NEW ROCHELLE, NY -- For the fifth consecutive year, Iona College welcomed first-year students to campus for Iona in Mission: Go New Ro, part of the Iona in Mission service program. Iona in Mission offers short-term domestic and international service immersion experiences for students through the office of Mission and Ministry.
This year twenty-one incoming students, two returning student leaders, and three professional staff members from the offices of Mission and Ministry, Student Development, and Off-Campus Housing participated in the Go New Ro service and leadership experience.
The theme of Go New Ro is “GPS: Growth, Purpose, and Service.” Students learn about the two feet of social justice (direct service and advocacy) while becoming acclimated with their new city, New Rochelle, and Iona’s campus community.
During Go New Ro 2014 students learned about hunger and homelessness in New Rochelle and Westchester, and partnered in service with two local food programs: Trinity St. Paul’s Brown Bag Lunch Program (New Rochelle) and Project Family Soup Kitchen (Mt. Vernon).
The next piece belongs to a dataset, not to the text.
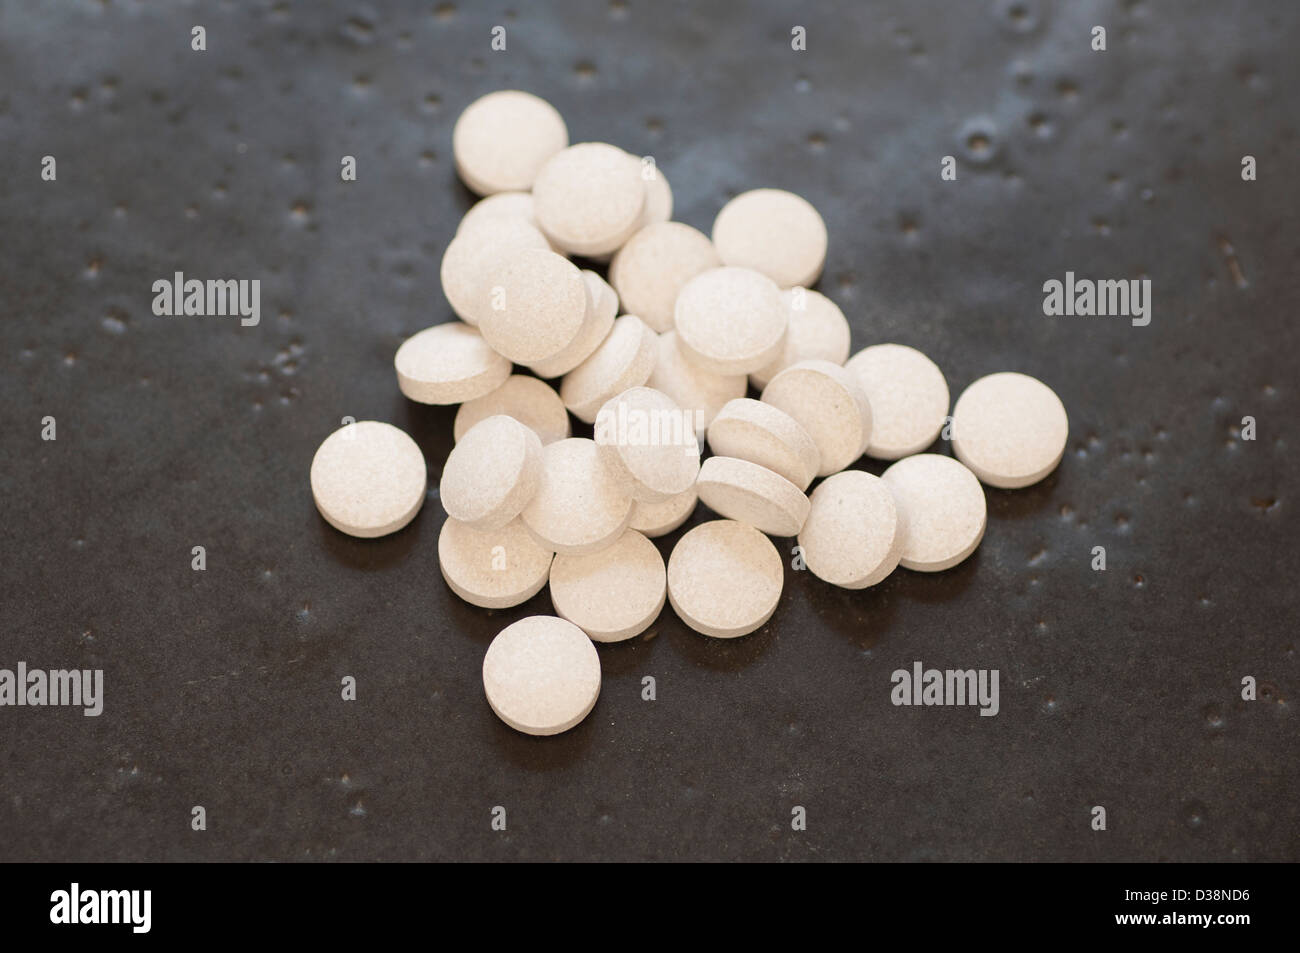 Vista cercana de pastillas de magnesio suplemento dietético Foto de stock

Students also conducted a shoreline clean up of Huguenot and Beechmont Lakes in partnership with the New Rochelle Parks and Recreation Department. Finally, students learned about working with elder adults and visited aging Christian Brothers at St. Joseph’s Care Facility.
“An essential characteristic of the Edmund Rice story is the desire and ability to live in relationship with people made poor and marginalized,” said Stephen Hill, the Coordinator of Iona in Mission. “To begin this process, we engage our Go New Ro students in service projects within the local community to nudge them out of their comfort zones both physically and intellectually. Our hope is to help produce students who respond boldly to the world’s suffering and needs with presence and compassion, so that we all may liberated from exclusion and injustice. This is what Edmund Rice did in Ireland, what the Christian Brothers continue to do around the world, and what our students are called to do.”
Direct service, however, is just one piece of this program. Students also developed their leadership skills and discussed leadership styles with returning students leaders, Iona’s president, Dr. Joseph E. Nyre, and with City Councilman Jared Rice.
Reflection is an essential element of Go New Ro. Students were able to synthesize what they experienced at their service sites with what they learned about leadership and advocacy. The students were able to incorporate the strong mission and tradition of New Rochelle and Iona to better understand their role as citizens of a greater world.
At the conclusion of the two-day event students provided anonymous feedback about their experience: “I learned how devoted Iona is to helping others and making a change in the world.” “You can move the world one small step at a time. Each step shows you care and could influence others to care as well.”